As with anything, you have to tailor your pitch to the audience; most bankers have no idea what a “perpetual traveler” or “digital nomad” is. At best, they’re be confused and just keep asking you “no, but where do you LIVE?”; at worst, they’ll refuse you service because they think you’re up to no good.

The more you and your structure are onshore, the better; you want to look like the reputable person you are. That increasingly means having a home address where you actually spend at least some time. It also means presenting a reasonable mix of offshore tax savings and onshore reporting requirements.

7. Countries don’t like “no rules”

For years, offshore banks and jurisdictions have propped up their local economies offering “no rules” services to anyone. Countries like Vanuatu made it a crime for bankers to disclose information to foreign authorities in order to attract people who didn’t want their affairs disclosed in order to hide from the law or the taxman.

Again, the era of opacity is over. Today’s offshore world is one of transparency, and whether we like it, most of us will have to participate. Even if you’re willing to keep your entire business and fortune in the offshore world, your developed world citizenship will subject you to information sharing and reporting requirements.

Here’s the deal: “no rules” doesn’t work. Having some rules actually works in your favor, because it shows you are a reputable person. Personally, I think that if Belize wants to allow its IBC companies to merely pay an annual renewal fee without filing audited reports, they should be free to do so.

However, you must consider things from a bank’s perspective. Banks are under incredible scrutiny to stop money laundering, terrorism, and all of the other boogeymen that high-tax countries use to excuse any grab at wealth or freedom whatsoever.

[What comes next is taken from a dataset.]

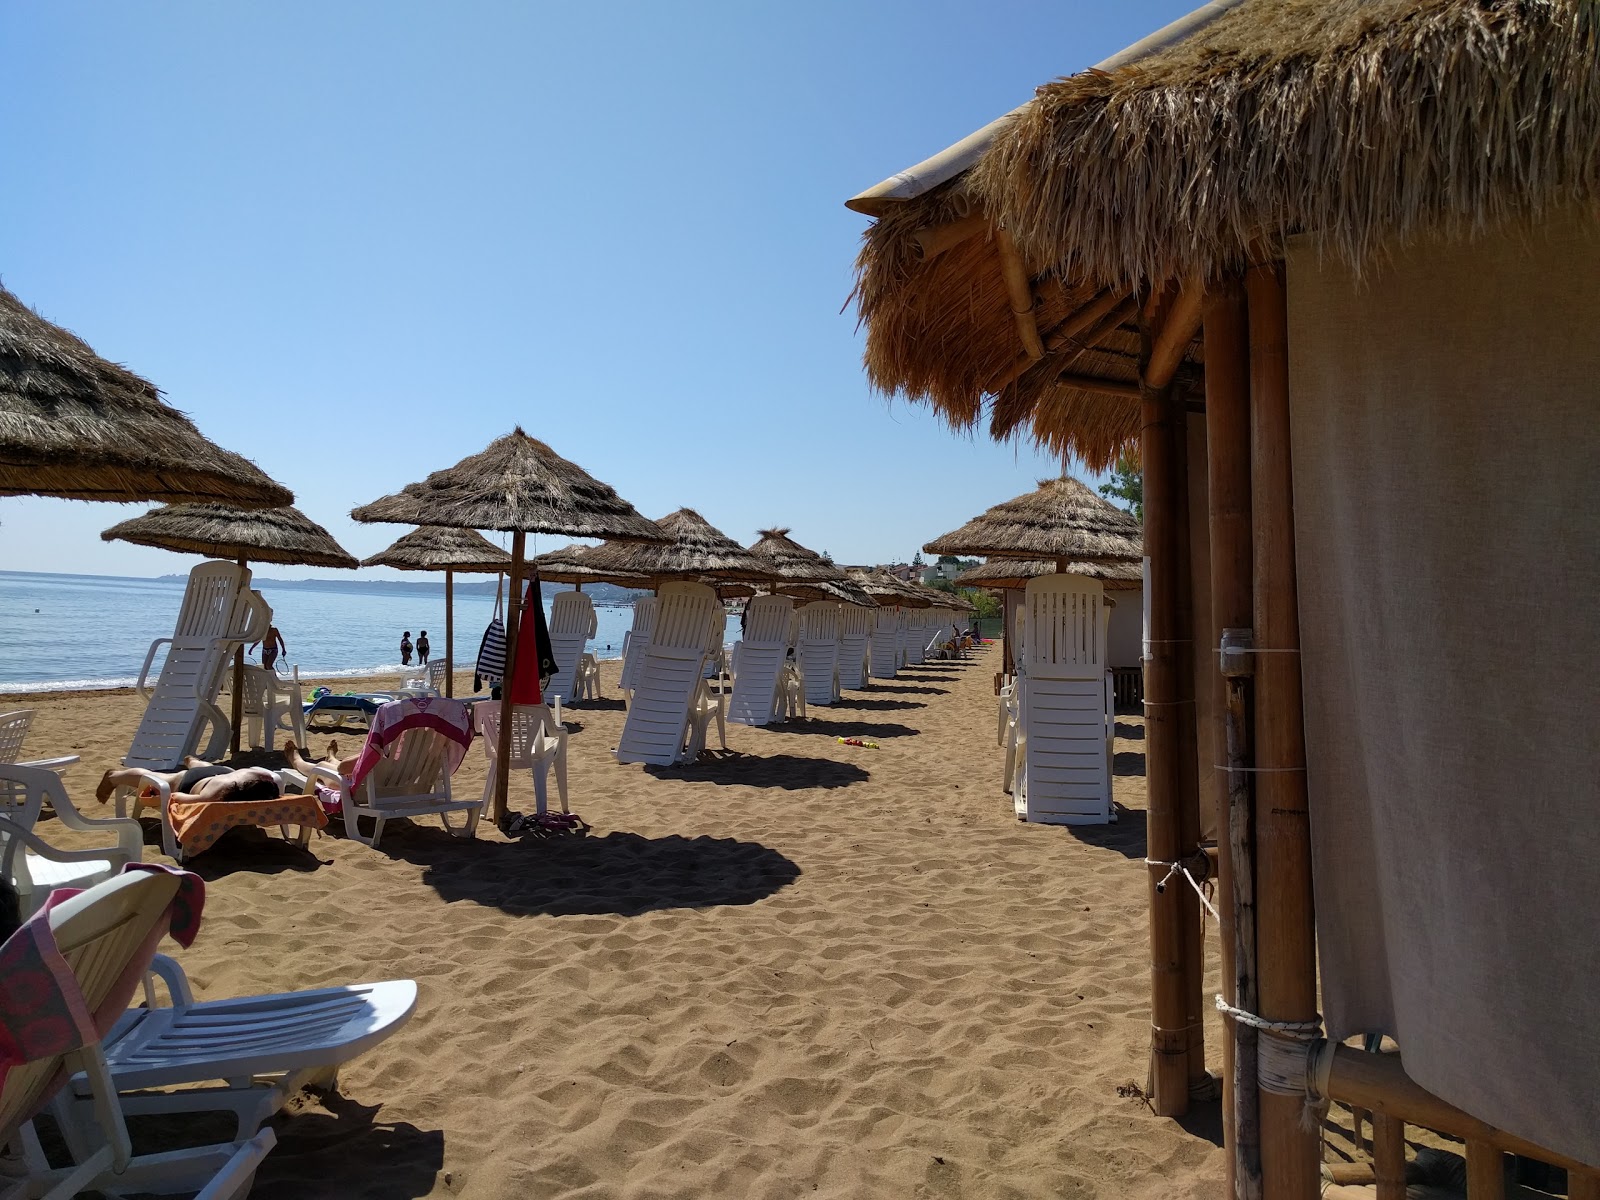 Foto de Spiaggia di Via Poseidonia - lugar popular entre los conocedores del relax

That means that your banker will be increasingly afraid to deal with any structure that involves a total lack of rules.

Having a company that is totally opaque, files no reports, and maintains no records sounds great, and if you’re a legitimate business you might not think anything of it. However, the world is changing in a way that living without any rules at all will increasingly make you a pariah.

So…

What to do to “go onshore”

Remember, going onshore doesn’t mean taking on massive amounts of tax. I’m not suggesting that you simply stay put in California or Queensland and keep forking over half of your income to the taxman.

What I am saying, however, is that adding some onshore elements to your tax savings plan is increasingly important. If you’re making the move to lower taxes, consider not only legal tax reduction or elimination but operational efficiency. If you can’t receive the money you earn, the most tax-optimized structure in the world won’t help.

Here’s what to do…

If you’re just diving into this world of lower taxes and more freedom, make sure you set things up properly. Start by focusing your gaze AWAY from shiny objects: specific structures sold as a commodity and not as a solution.

If I gave you a violin and you had no idea how to play it, the violin itself would be of little use and would just take up space in your house. Similarly, a Belize company could work for somebody who has taken the time to learn how to use it, but is worthless on its own.

Sadly, most offshore companies are sold by promoters who:

1. Sell only one commodity, such as a Panama lawyer who sells Panama companies and doesn’t know anything outside of Panama, and certainly doesn’t know about opening bank accounts outside of Panama or your potential reporting requirements elsewhere

2. Sell lots of different commodities and pretend to add value by distinguishing among minor differences. I’ve had people who spent $500,000 to get second passports for their family tell me this is the process they encountered, as well. The last thing you need is an offshore supermarket that offers apples, bananas, papayas, and lemons, but leaves the decision of which is best up to you.

As I often say, an offshore company in and of itself is just a pile of paperwork. A tax strategy that doesn’t actually work legally is just a collection of bad ideas. Take the time and make sure that you address all aspects of what you need in your offshore plan.

Increasingly, that means being onshore.